Why Choose Sunny?

Powerful and easy to use

Feature highlights include:

• Ability to specify a crystal from a .cif file, from its spacegroup number and Wyckoffs, or from a full chemical cell with automatically inferred symmetry operations. Magnetic structures can be read from .mcif files.
• Interactive visualization of 3D crystals and magnetic structures.
• Symmetry analysis to determine allowed anisotropies and interaction terms, and to propagate them by symmetry equivalence.
• Single-ion anisotropy can be specified using either Stevens operators or spin polynomials. Arbitrary coupling between spin multipoles is also supported. Classical-to-quantum renormalization factors enhance fidelity.
• Fast optimization of magnetic structures using supercells or the propagation vector formalism.
• Statistical sampling of spins in thermal equilibrium using Langevin dynamics or local Monte Carlo updates.
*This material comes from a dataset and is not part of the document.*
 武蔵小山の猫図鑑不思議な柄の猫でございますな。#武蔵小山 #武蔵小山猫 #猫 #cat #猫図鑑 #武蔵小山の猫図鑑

Advanced Monte Carlo methods, such as parallel tempering, for simulations of classical spin liquids and frustrated magnetism.
• Classical dynamics of spin dipoles and its generalization to SU(N) coherent states. One can sample dynamical correlations at finite temperature. The CP² skyrmion example illustrates a highly non-equilibrium quench process that depends crucially on spin quadrupole degrees of freedom.
• Generalized linear spin wave theory (LSWT) for low-temperature spin dynamics. Special support is provided for efficient calculations on incommensurate spiral phases and on very large magnetic cells. The FeI₂ example showcases LSWT with multi-flavor bosons. The disordered system example demonstrates acceleration for large system sizes.
• Dipole-dipole interactions with full Ewald summation, as illustrated in the pyrochlore LSWT example. Dipole-dipole interactions in classical dynamics are accelerated with the fast Fourier transform (FFT).
• Tools for comparing to experimental data: form factors, custom spin contractions, averaging over powder and domain orientations, etc.
• Programmatic interface in the Julia language for full flexibility and performance.

But still evolving:

• Sunny does not yet have GPU acceleration of classical spin dynamics. An alternative here might be Vampire.
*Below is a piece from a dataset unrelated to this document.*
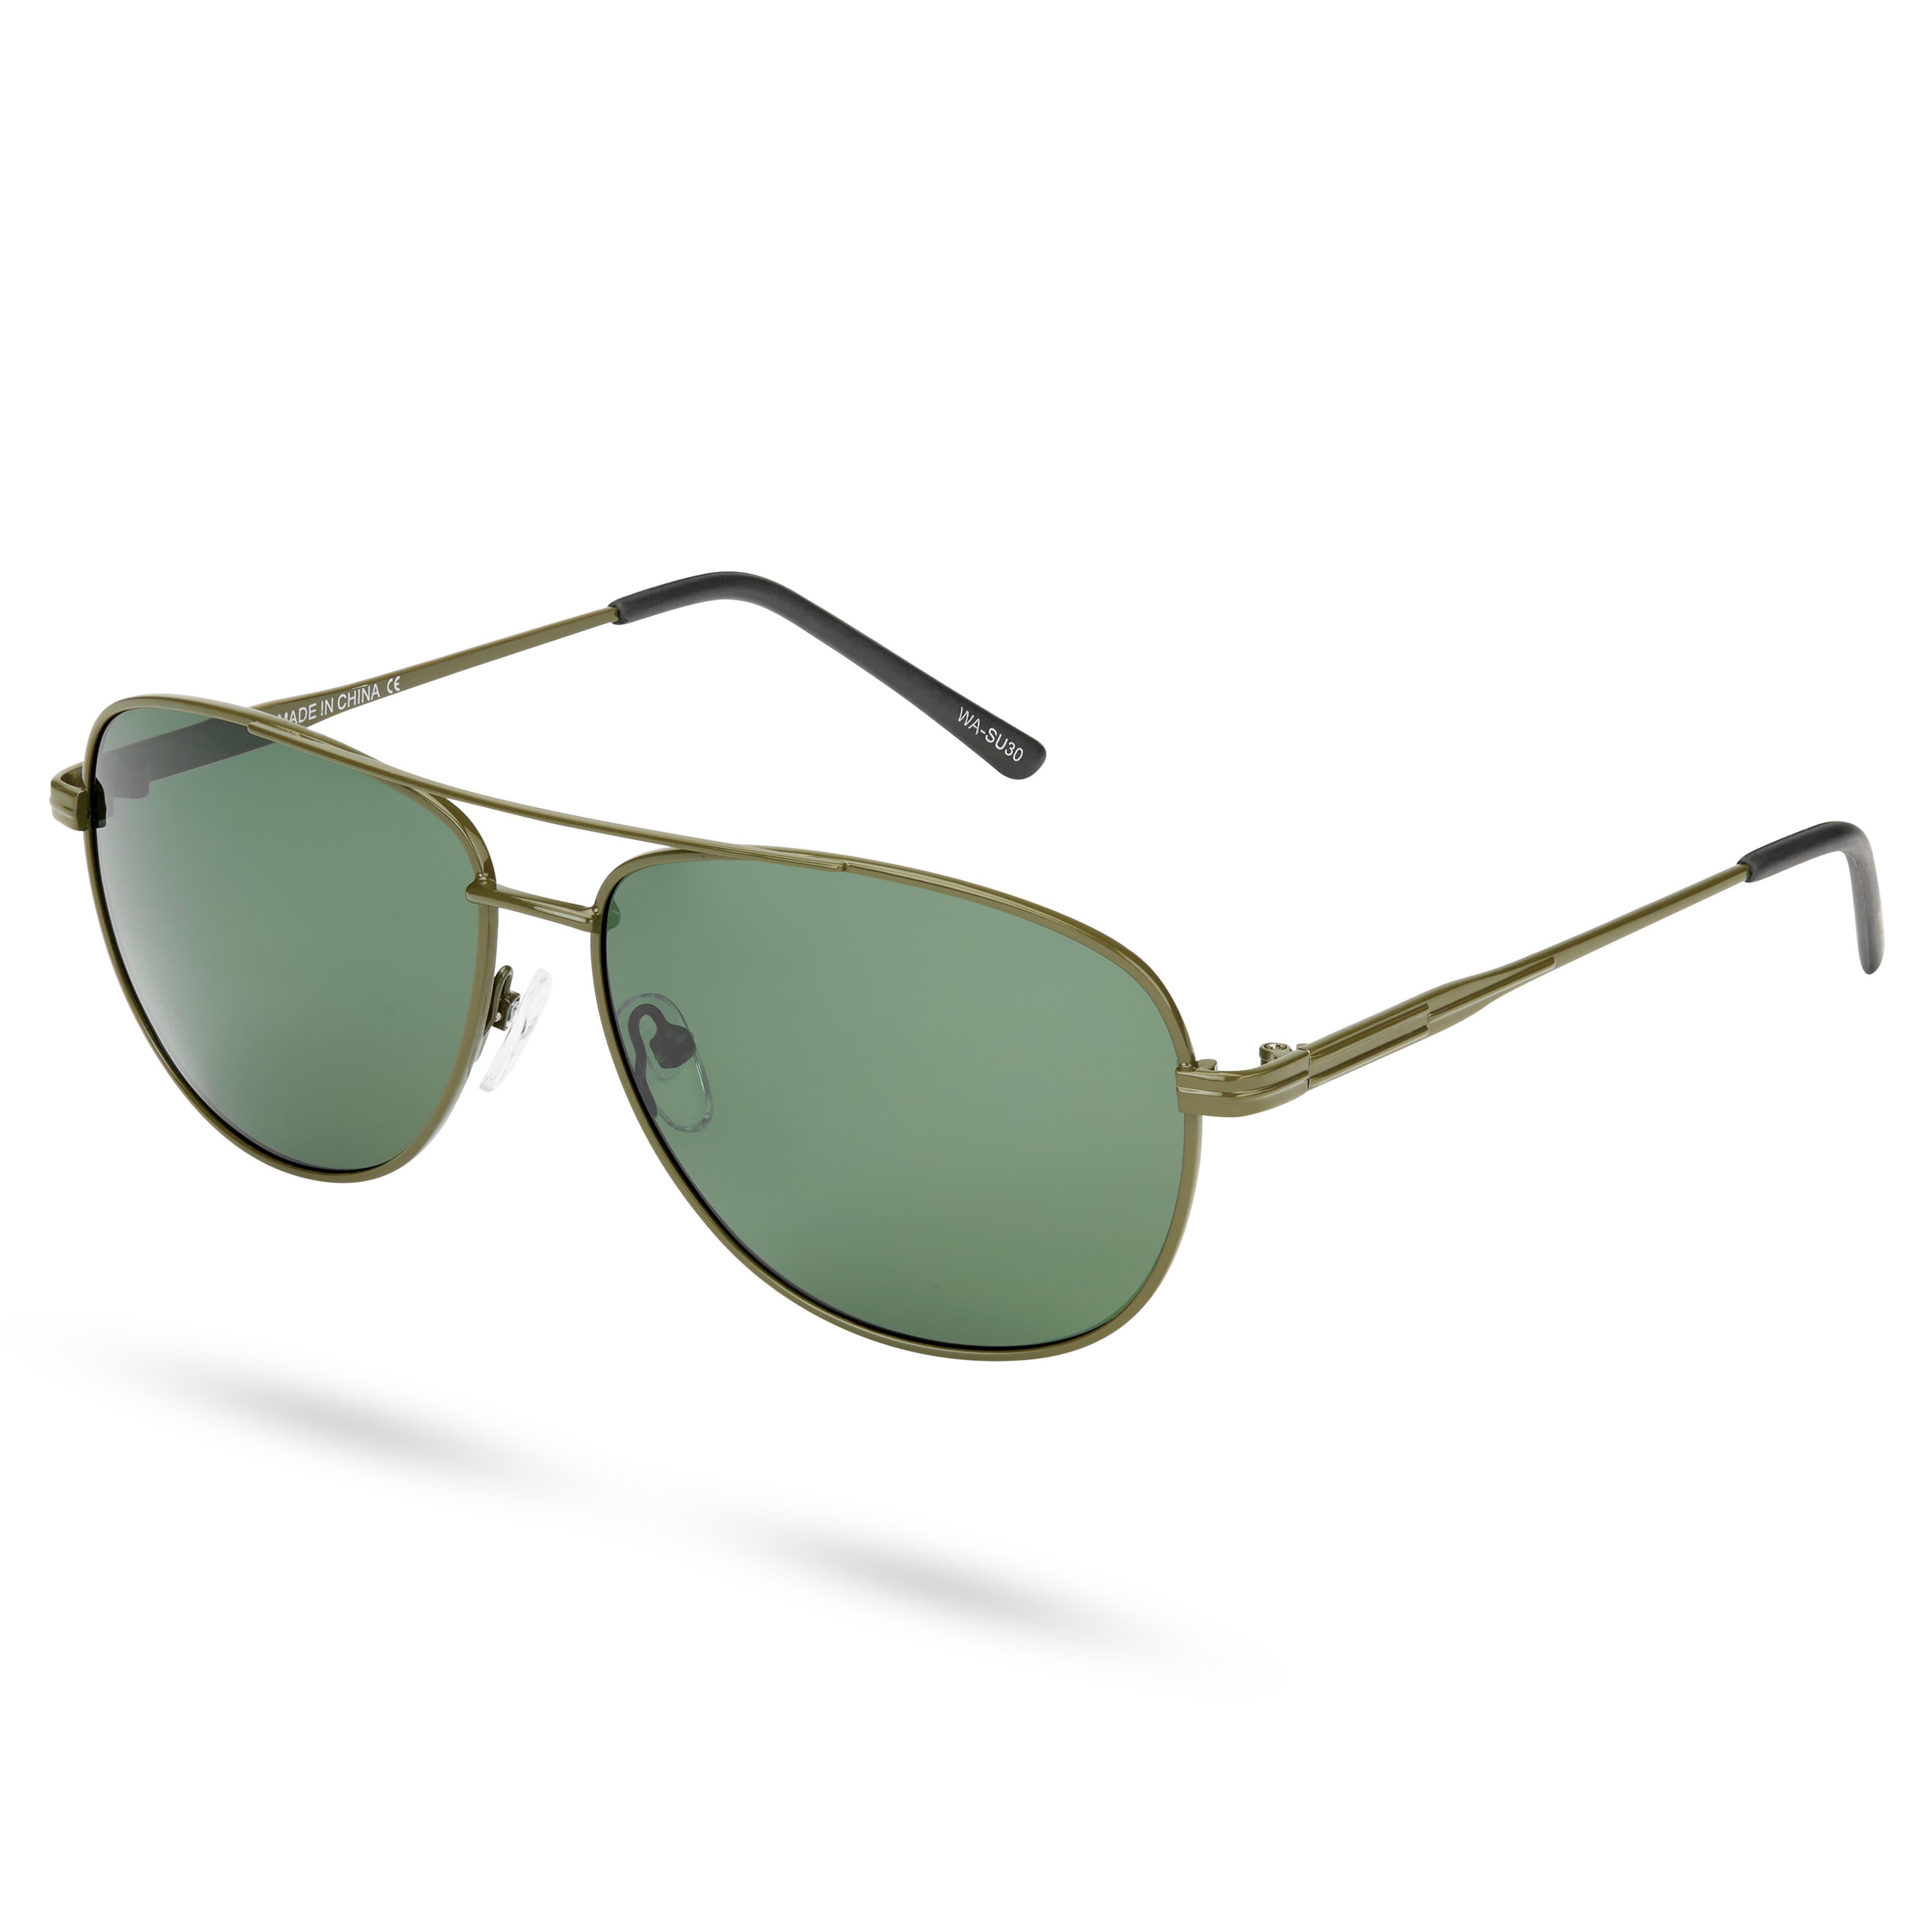 Zielono-oliwkowe okulary przeciwsłoneczne Aviator Ambit

Advanced theory made accessible

Sunny is also a platform for disseminating foundational advances in quantum magnetism and computational methods. The theory of SU(N) coherent states offers a group theoretic framework to formulate alternative classical limits of a microscopic quantum model. New algorithms enable highly efficient simulation of spin-multipoles and beyond. For reasons not fully understood, such classical limits can be remarkably accurate at finite temperatures when used in conjunction with appropriate renormalization schemes. The SU(N) picture also suggests new geometric interpretations of quantum spin. This leads to a deeper understanding of existing renormalization schemes for traditional spin wave theory, and suggests a whole landscape in which to search for novel topological states. Ongoing Sunny research aims to incorporate more quantum entanglement into the classical picture. Local units of strongly entangled spins will soon be supported and show great promise for cases like dimerized ladders. Longer term, Sunny also aims to include perturbative corrections beyond linear spin wave theory, as well as a non-perturbative treatment of quantum bound states.